▸ **WHAT NEEDS TO BE DONE**: Please repeat the lines below exactly. Begin with the line containing "Quansheng TG 007" and go on through the line containing "brazilian money. brazilian".

[Opening RECORDS FOR THE TASK section]

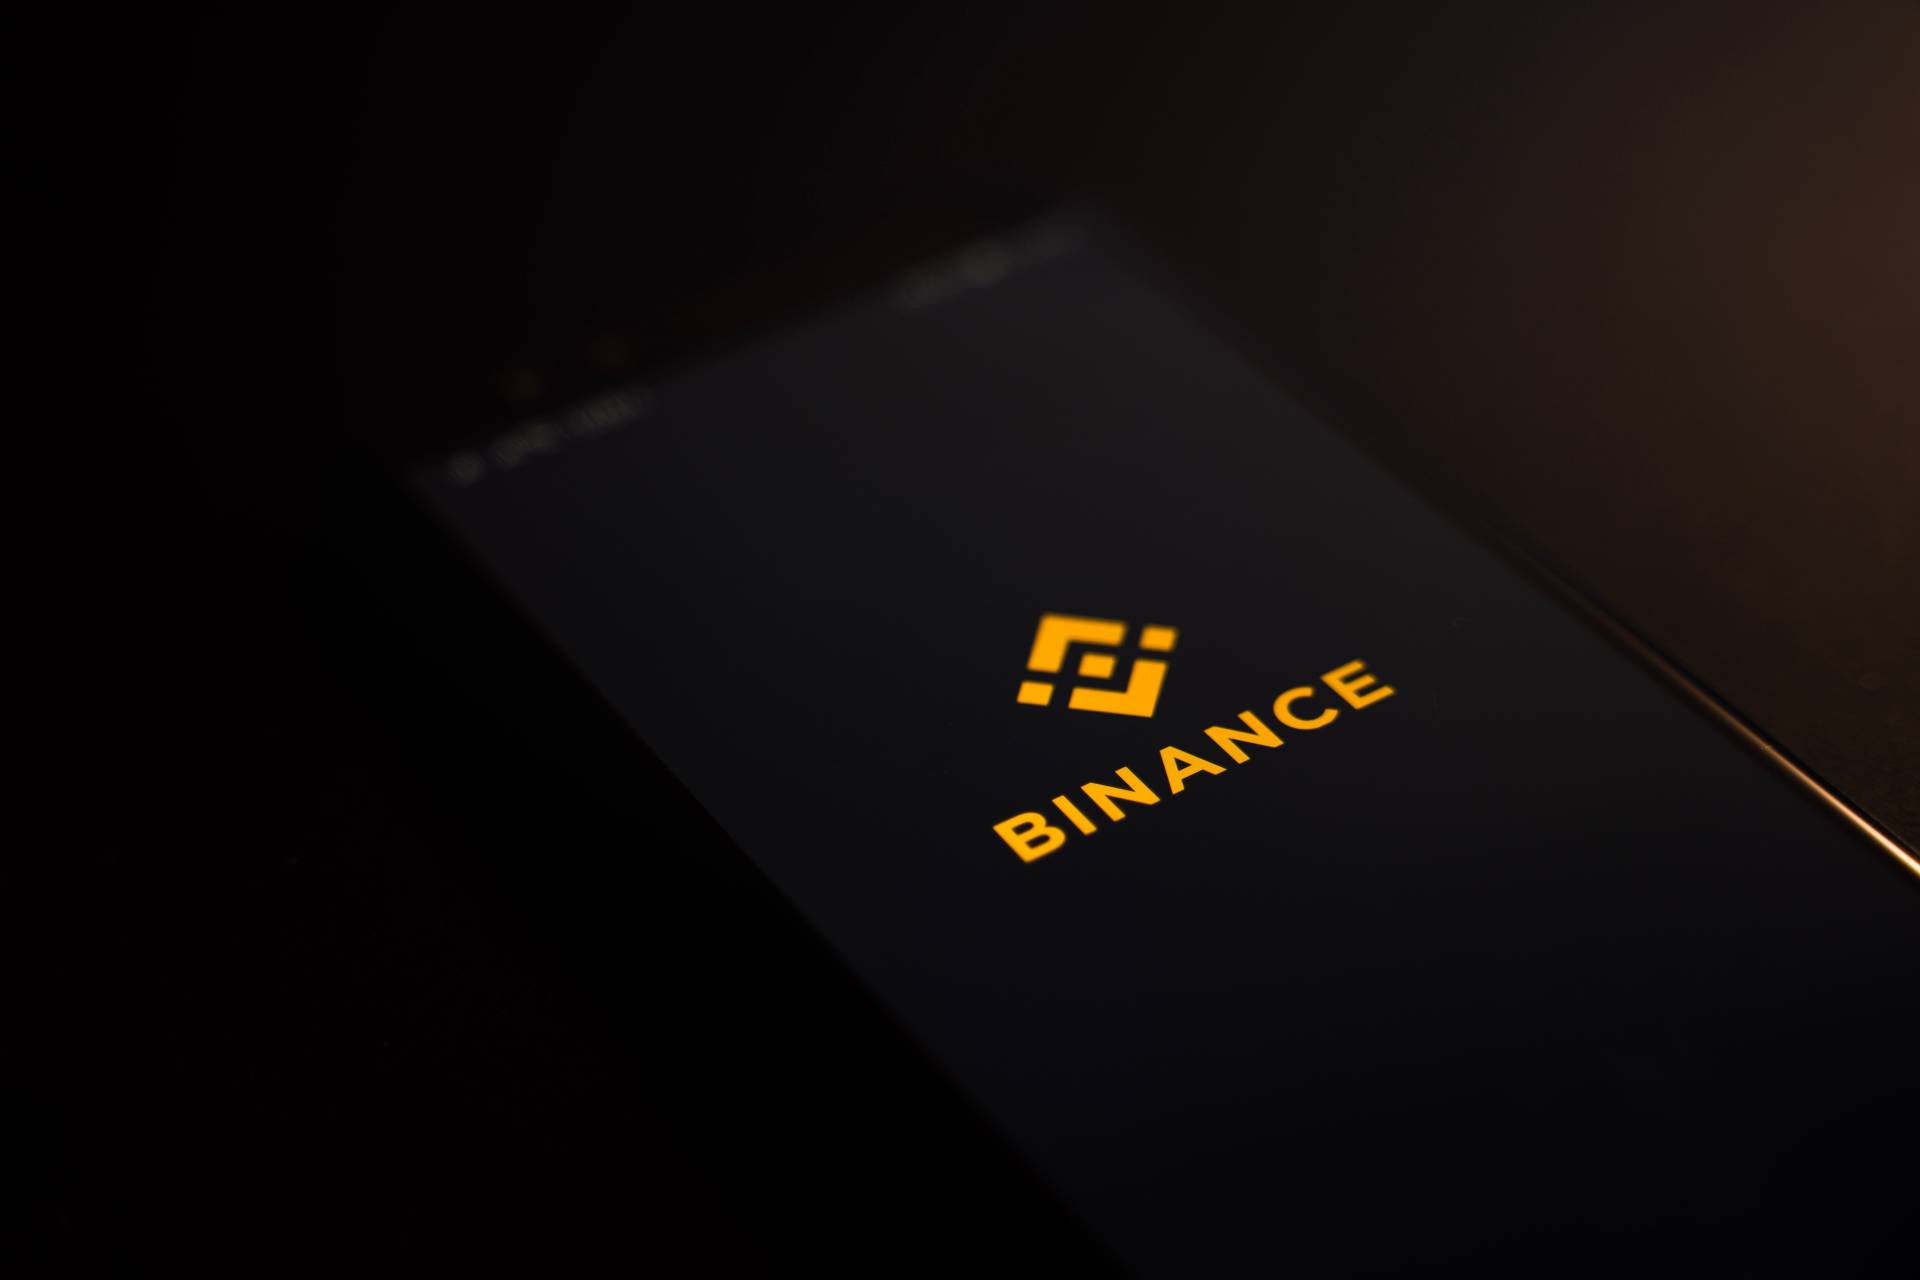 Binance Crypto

[Closing RECORDS FOR THE TASK section]
[Opening RECORDS FOR THE TASK section]

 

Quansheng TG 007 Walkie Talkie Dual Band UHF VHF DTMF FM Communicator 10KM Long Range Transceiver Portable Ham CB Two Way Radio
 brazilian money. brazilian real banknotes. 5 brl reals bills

[Closing RECORDS FOR THE TASK section]

▸ **EXERCISE SOLUTION**:
Quansheng TG 007 Walkie Talkie Dual Band UHF VHF DTMF FM Communicator 10KM Long Range Transceiver Portable Ham CB Two Way Radio
 brazilian money. brazilian real banknotes. 5 brl reals bills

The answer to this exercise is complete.